Whenever the configuration of a ManagedHost changes (Instance gets created,
Instance gets deleted, Provisioning), NICo requires the `forge-dpu-agent` to
acknowledge that the desired DPU configuration is applied and that the DPU and
services running on it (like `HBN`) are in a healthy state.
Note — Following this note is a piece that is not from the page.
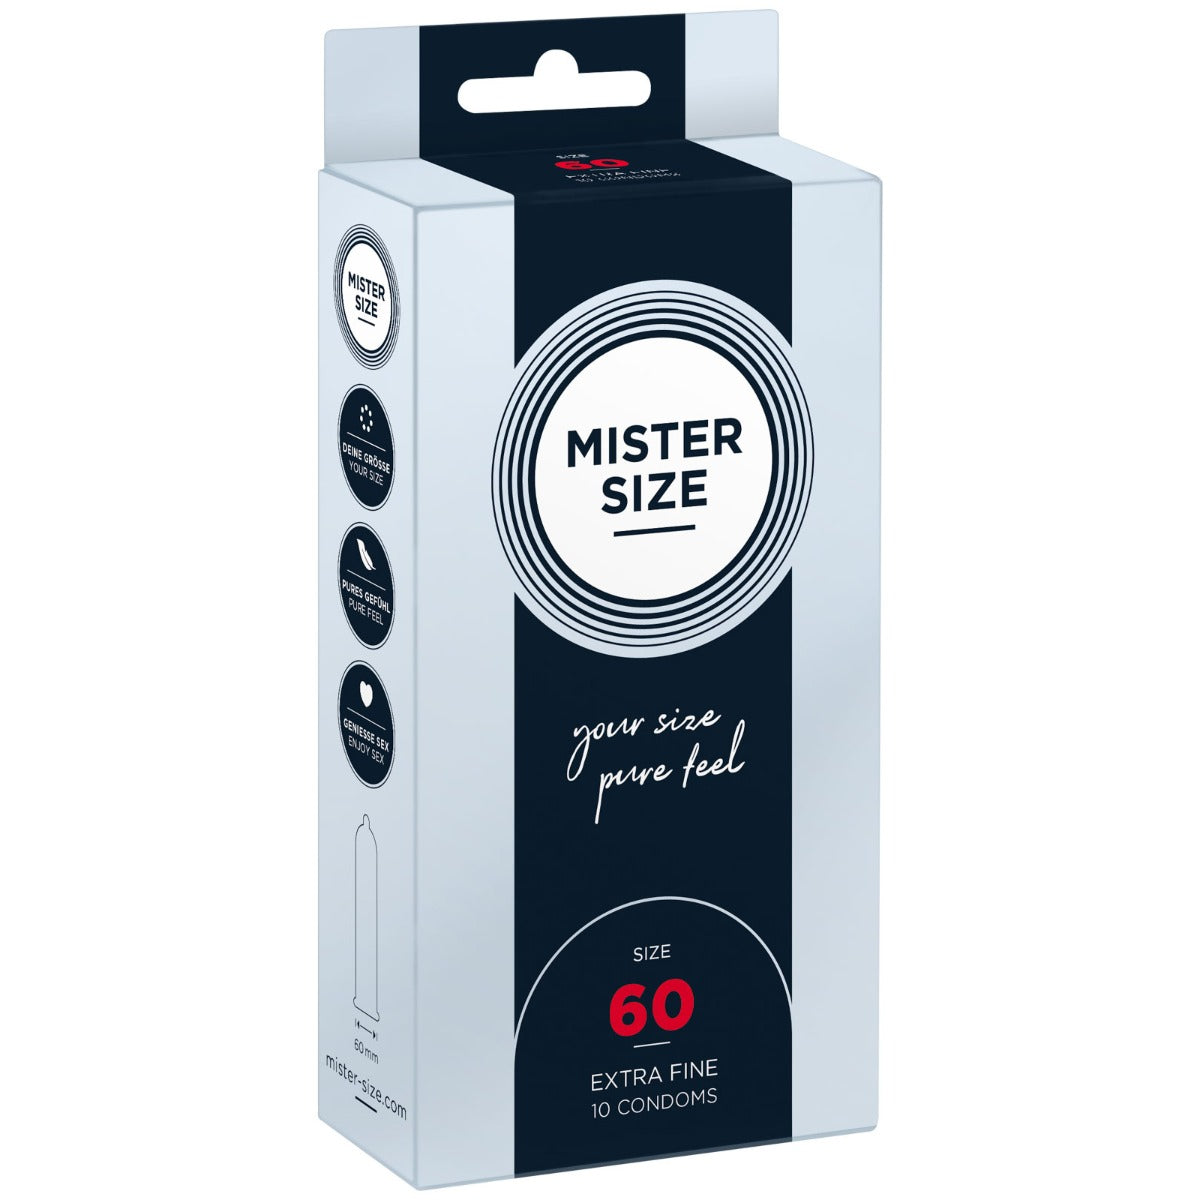 MISTER SIZE | Pure feel Condoms - Size 60 mm (10 pack)

This feedback mechanism works in the following fashion:
1. `forge-dpu-agent` periodically calls `GetManagedHostNetworkConfig`. It thereby
   obtains the latest configuration for all interfaces, including the configuration
   which states whether the Host should get attached to an admin or tenant network.
   The configuration includes Version numbers, which increase whenever the
   configuration changes.
2. `forge-dpu-agent` reports the version numbers of the currently applied
   configurations back to NICo using the `RecordDpuNetworkStatus` API.
   This report also includes the DPUs health in the form of a `HealthReport`.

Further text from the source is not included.